It's not khugepaged causing the problem, khugepaged holds the mmap_sem
in write mode (and all those sites must hold the mmap_sem in read mode
to prevent pagetables to go away from under them, during code review it
seems vm86 mode on 32bit kernels requires that too unless it's
restricted to 1 thread per process or UP builds). The race is only with
the huge pagefaults that can convert a pmd_none() into a
pmd_trans_huge().
Effectively all these pmd_none_or_clear_bad() sites running with
mmap_sem in read mode are somewhat speculative with the page faults, and
the result is always undefined when they run simultaneously. This is
probably why it wasn't common to run into this. For example if the
madvise(MADV_DONTNEED) runs zap_page_range() shortly before the page
fault, the hugepage will not be zapped, if the page fault runs first it
will be zapped.
Altering pmd_bad() not to error out if it finds hugepmds won't be enough
to fix this, because zap_pmd_range would then proceed to call
zap_pte_range (which would be incorrect if the pmd become a
pmd_trans_huge()).
The simplest way to fix this is to read the pmd in the local stack
(regardless of what we read, no need of actual CPU barriers, only
compiler barrier needed), and be sure it is not changing under the code
that computes its value. Even if the real pmd is changing under the
value we hold on the stack, we don't care. If we actually end up in
zap_pte_range it means the pmd was not none already and it was not huge,
and it can't become huge from under us (khugepaged locking explained
above).
All we need is to enforce that there is no way anymore that in a code
path like below, pmd_trans_huge can be false, but pmd_none_or_clear_bad
can run into a hugepmd. The overhead of a barrier() is just a compiler
tweak and should not be measurable (I only added it for THP builds). I
don't exclude different compiler versions may have prevented the race
too by caching the value of *pmd on the stack (that hasn't been
verified, but it wouldn't be impossible considering
pmd_none_or_clear_bad, pmd_bad, pmd_trans_huge, pmd_none are all inlines
and there's no external function called in between pmd_trans_huge and
pmd_none_or_clear_bad).
if (pmd_trans_huge(*pmd)) {
if (next-addr != HPAGE_PMD_SIZE) {
VM_BUG_ON(!rwsem_is_locked(&tlb->mm->mmap_sem));
split_huge_page_pmd(vma->vm_mm, pmd);
} else if (zap_huge_pmd(tlb, vma, pmd, addr))
continue;
/* fall through */
}
if (pmd_none_or_clear_bad(pmd))
Because this race condition could be exercised without special
privileges this was reported in CVE-2012-1179.
The race was identified and fully explained by Ulrich who debugged it.
I'm quoting his accurate explanation below, for reference.
====== start quote =======
mapcount 0 page_mapcount 1
kernel BUG at mm/huge_memory.c:1384!
At some point prior to the panic, a "bad pmd ..." message similar to the
following is logged on the console:
mm/memory.c:145: bad pmd ffff8800376e1f98(80000000314000e7).
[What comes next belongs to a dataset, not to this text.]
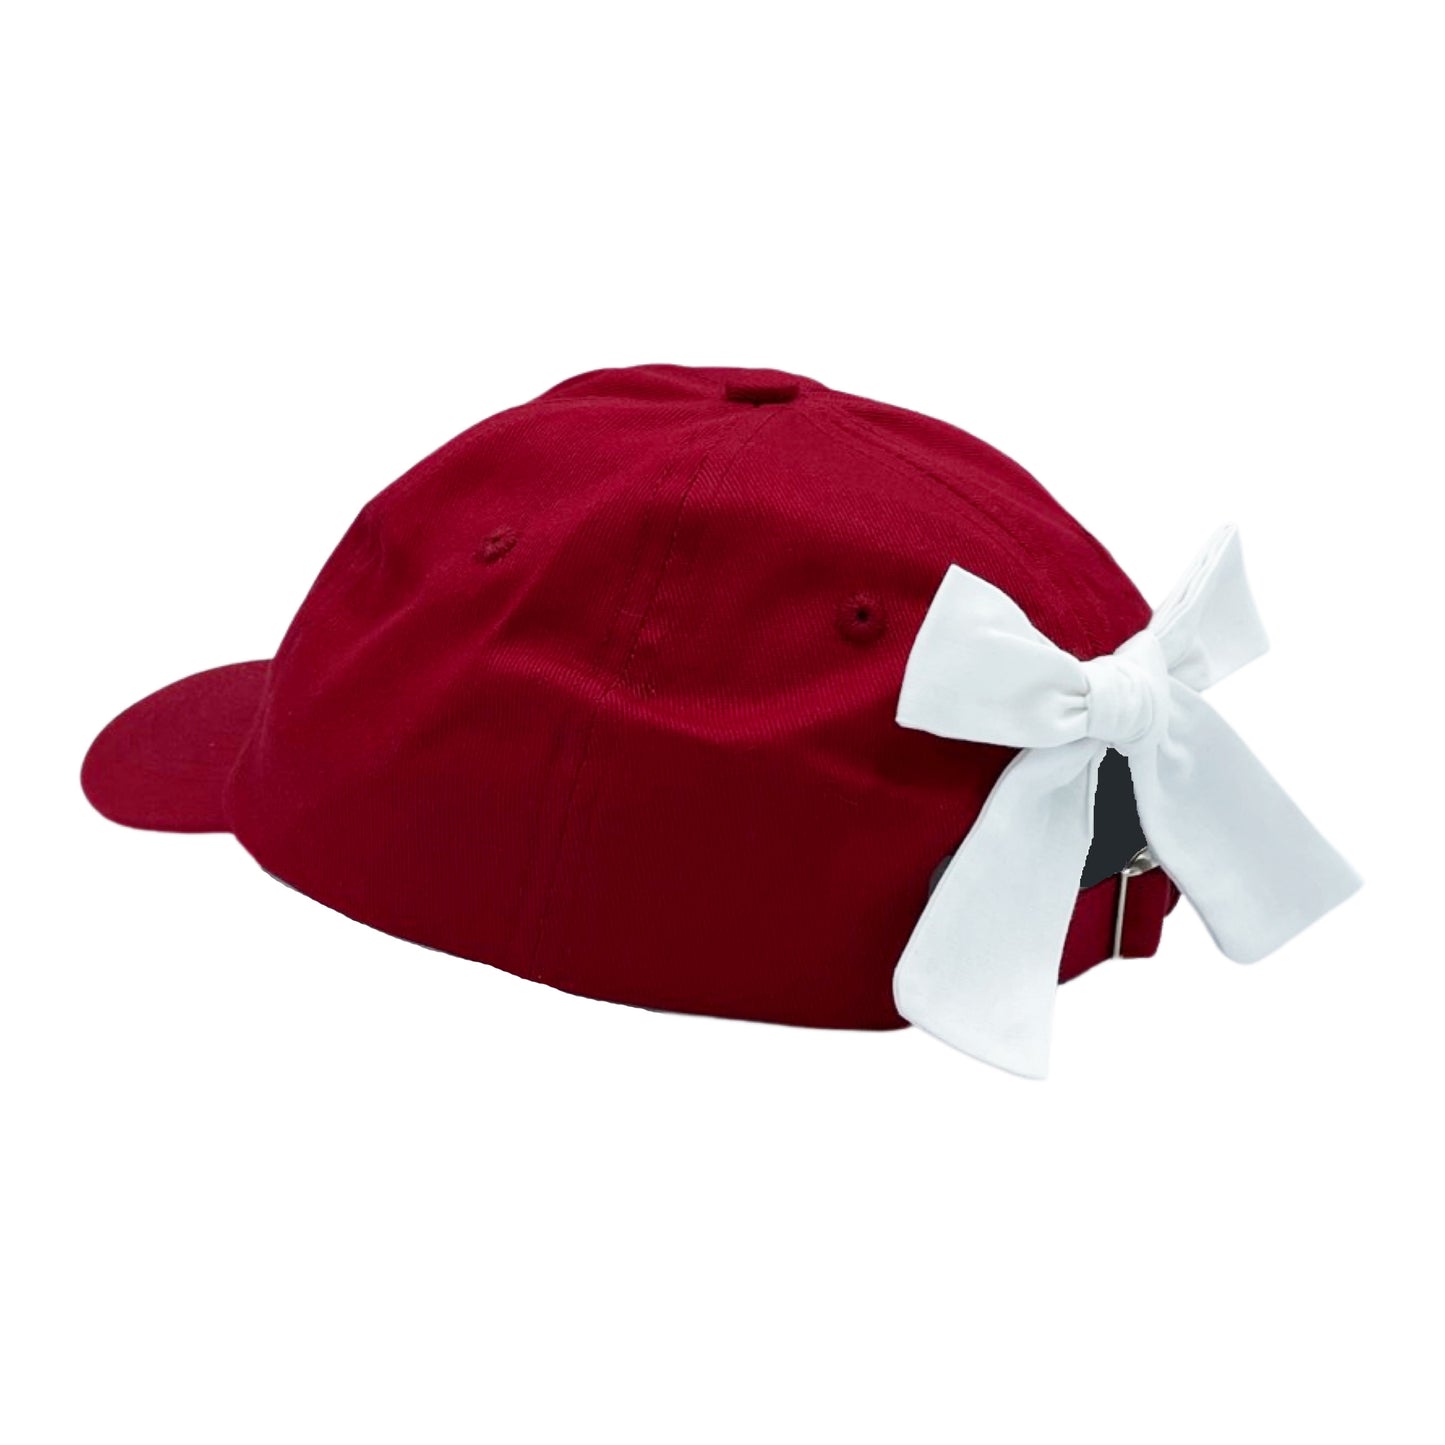 Customizable Bow Baseball Hat in Ruby Red (Women)

The "bad pmd ..." message is logged by pmd_clear_bad() before it clears
the page's PMD table entry.
143 void pmd_clear_bad(pmd_t *pmd)
144 {
-> 145 pmd_ERROR(*pmd);
146 pmd_clear(pmd);
147 }
After the PMD table entry has been cleared, there is an inconsistency
between the actual number of PMD table entries that are mapping the page
and the page's map count (_mapcount field in struct page). When the page
is subsequently reclaimed, __split_huge_page() detects this inconsistency.
1381 if (mapcount != page_mapcount(page))
1382 printk(KERN_ERR "mapcount %d page_mapcount %d\n",
1383 mapcount, page_mapcount(page));
-> 1384 BUG_ON(mapcount != page_mapcount(page));
The root cause of the problem is a race of two threads in a multithreaded
process. Thread B incurs a page fault on a virtual address that has never
been accessed (PMD entry is zero) while Thread A is executing an madvise()
system call on a virtual address within the same 2 MB (huge page) range.
virtual address space
.---------------------.
| |
| |
.-|---------------------|
| | |
| | |<-- B(fault)
| | |
2 MB | |/////////////////////|-.
huge < |/////////////////////| > A(range)
page | |/////////////////////|-'
| | |
| | |
'-|---------------------|
| |
| |
'---------------------'
- Thread A is executing an madvise(..., MADV_DONTNEED) system call
on the virtual address range "A(range)" shown in the picture.
sys_madvise
// Acquire the semaphore in shared mode.
down_read(¤t->mm->mmap_sem)
...
madvise_vma
switch (behavior)
case MADV_DONTNEED:
madvise_dontneed
zap_page_range
unmap_vmas
unmap_page_range
zap_pud_range
zap_pmd_range
//
// Assume that this huge page has never been accessed.
// I.e. content of the PMD entry is zero (not mapped).
//
if (pmd_trans_huge(*pmd)) {
// We don't get here due to the above assumption.
}
//
// Assume that Thread B incurred a page fault and
.---------> // sneaks in here as shown below.
| //
| if (pmd_none_or_clear_bad(pmd))
| {
| if (unlikely(pmd_bad(*pmd)))
| pmd_clear_bad
| {
| pmd_ERROR
| // Log "bad pmd ..." message here.
| pmd_clear
| // Clear the page's PMD entry.
| // Thread B incremented the map count
| // in page_add_new_anon_rmap(), but
| // now the page is no longer mapped
| // by a PMD entry (-> inconsistency).
| }
| }
|
v
- Thread B is handling a page fault on virtual address "B(fault)" shown
in the picture.
...
do_page_fault
__do_page_fault
// Acquire the semaphore in shared mode.
down_read_trylock(&mm->mmap_sem)
...
handle_mm_fault
if (pmd_none(*pmd) && transparent_hugepage_enabled(vma))
// We get here due to the above assumption (PMD entry is zero).
do_huge_pmd_anonymous_page
alloc_hugepage_vma
// Allocate a new transparent huge page here.
...
__do_huge_pmd_anonymous_page
...
spin_lock(&mm->page_table_lock)
...
page_add_new_anon_rmap
// Here we increment the page's map count (starts at -1).
atomic_set(&page->_mapcount, 0)
set_pmd_at
// Here we set the page's PMD entry which will be cleared
// when Thread A calls pmd_clear_bad().
...
spin_unlock(&mm->page_table_lock)
The mmap_sem does not prevent the race because both threads are acquiring
it in shared mode (down_read). Thread B holds the page_table_lock while
the page's map count and PMD table entry are updated. However, Thread A
does not synchronize on that lock.
====== end quote =======
[akpm@linux-foundation.org: checkpatch fixes]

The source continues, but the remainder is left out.